If a generation fails, the tokens for that failed run are refunded. RAWSHOT also keeps cancellation simple, with one-click cancel available directly on the pricing page rather than buried in a support process. Those details matter because fashion operators need predictable economics as much as creative output. In practice, teams should budget model creation as a reusable foundation cost, then reuse approved models across the catalog to keep future production more stable and easier to schedule.
Can we plug saved models into Shopify-scale or PLM-connected catalog workflows through the API?
Yes. RAWSHOT is designed so the same engine can serve single-shoot work in the browser and high-volume production through the REST API. That means a team can create and approve a reusable model visually, store it in the library, and then reference that approved identity in downstream catalog jobs. For operators managing Shopify storefronts, PLM-connected assortments, or marketplace feeds, this reduces the gap between creative setup and production deployment.
The platform position is intentionally the same from one shoot to ten thousand: same core engine, same output logic, same pricing model, and no separate enterprise product wall for basic capability. RAWSHOT is also PLM-integration ready and provides a signed audit trail per image, which is useful when many stakeholders touch the asset lifecycle. The practical move is to treat saved models as governed production assets, not ad hoc creative experiments, and wire them into the systems that already run your assortment.
How do small teams and enterprise catalog ops use the same model workflow without stepping on each other?

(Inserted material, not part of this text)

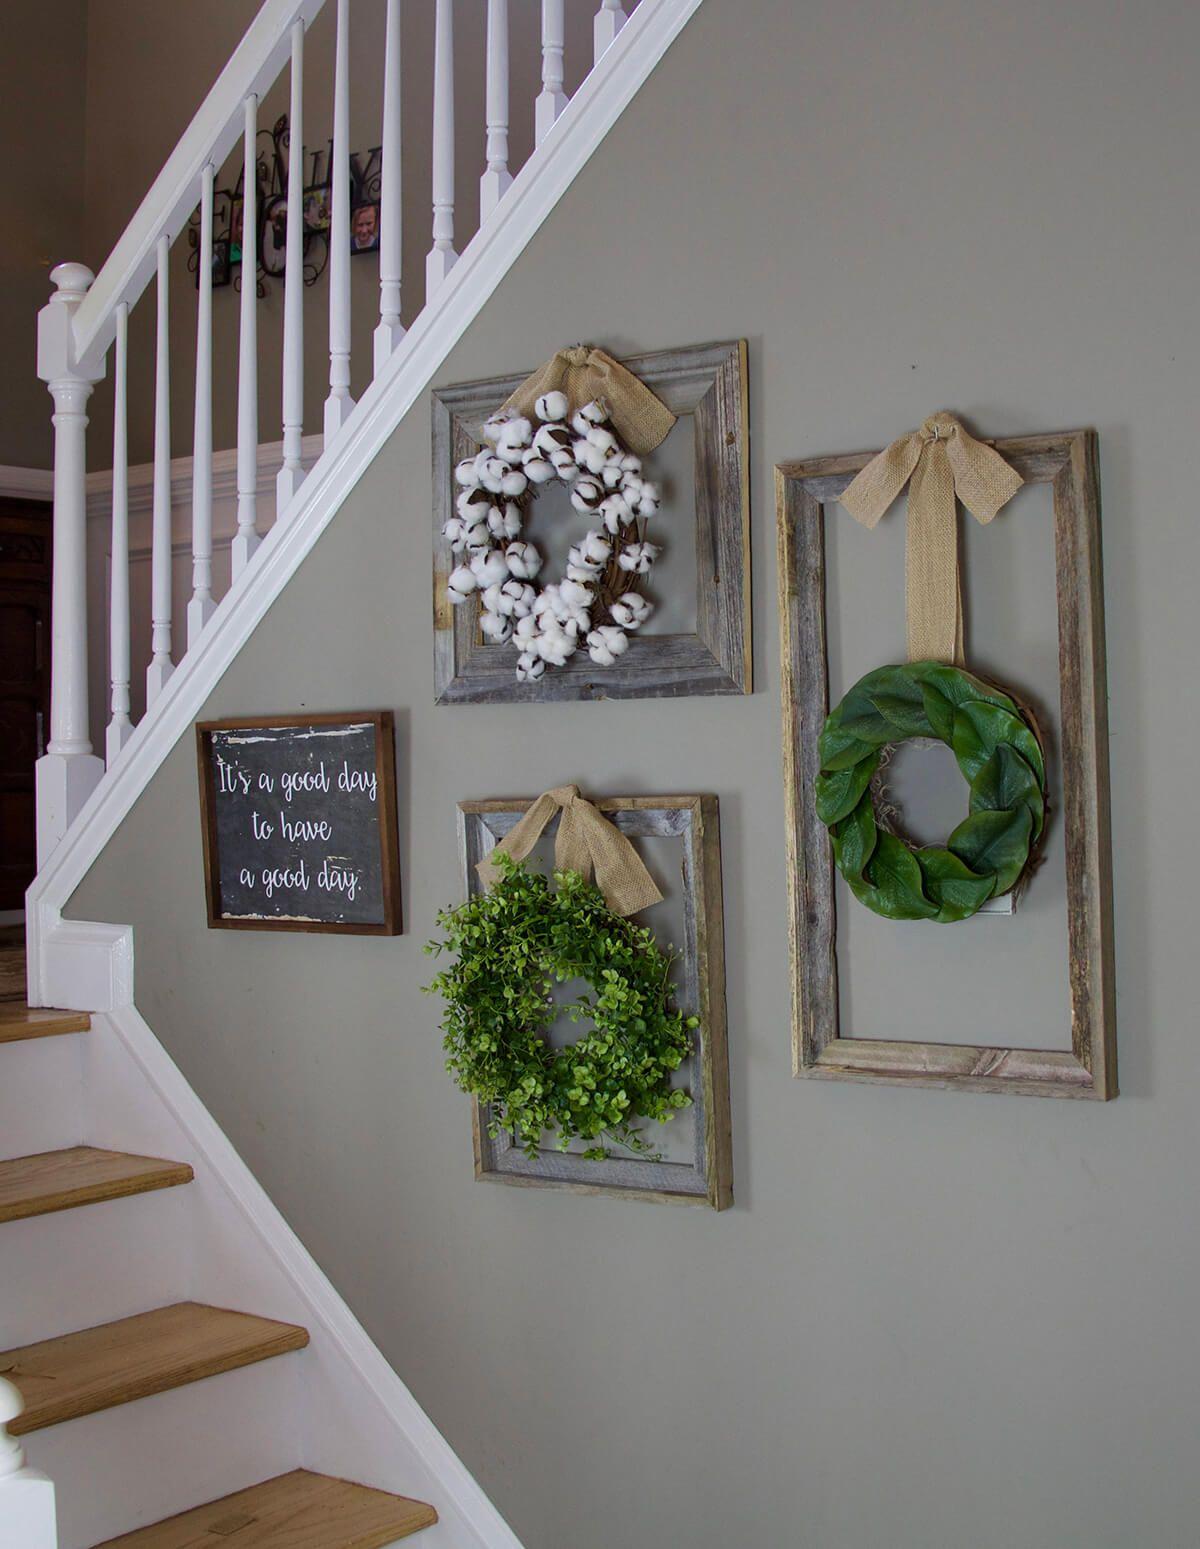 12 Elegant Decorating Ideas With Rustic Frames For True Farmhouse Charm Farmhouse Wall Decor Gallery Wall Decor Rustic Wall Decor

They use the same underlying product, but at different volumes and with different approval habits. A small brand might build one or two saved models in the browser, test a handful of garments, and publish quickly. An enterprise catalog team might approve several model baselines, standardise style presets, and trigger large overnight jobs through the API. The important part is that both are working from the same control logic rather than being split into a simplified tool for one group and a gated system for another.
RAWSHOT supports that by keeping pricing transparent, tokens non-expiring, failed generations refundable, and core features outside per-seat or sales-call walls. Because outputs are labelled, C2PA-signed, and backed by audit trails, governance can scale with volume instead of being bolted on later. In practice, teams should define who approves model baselines, who owns garment QA, and where API batch rules begin. Once those roles are clear, the workflow scales cleanly from a single product launch to a large catalog operation.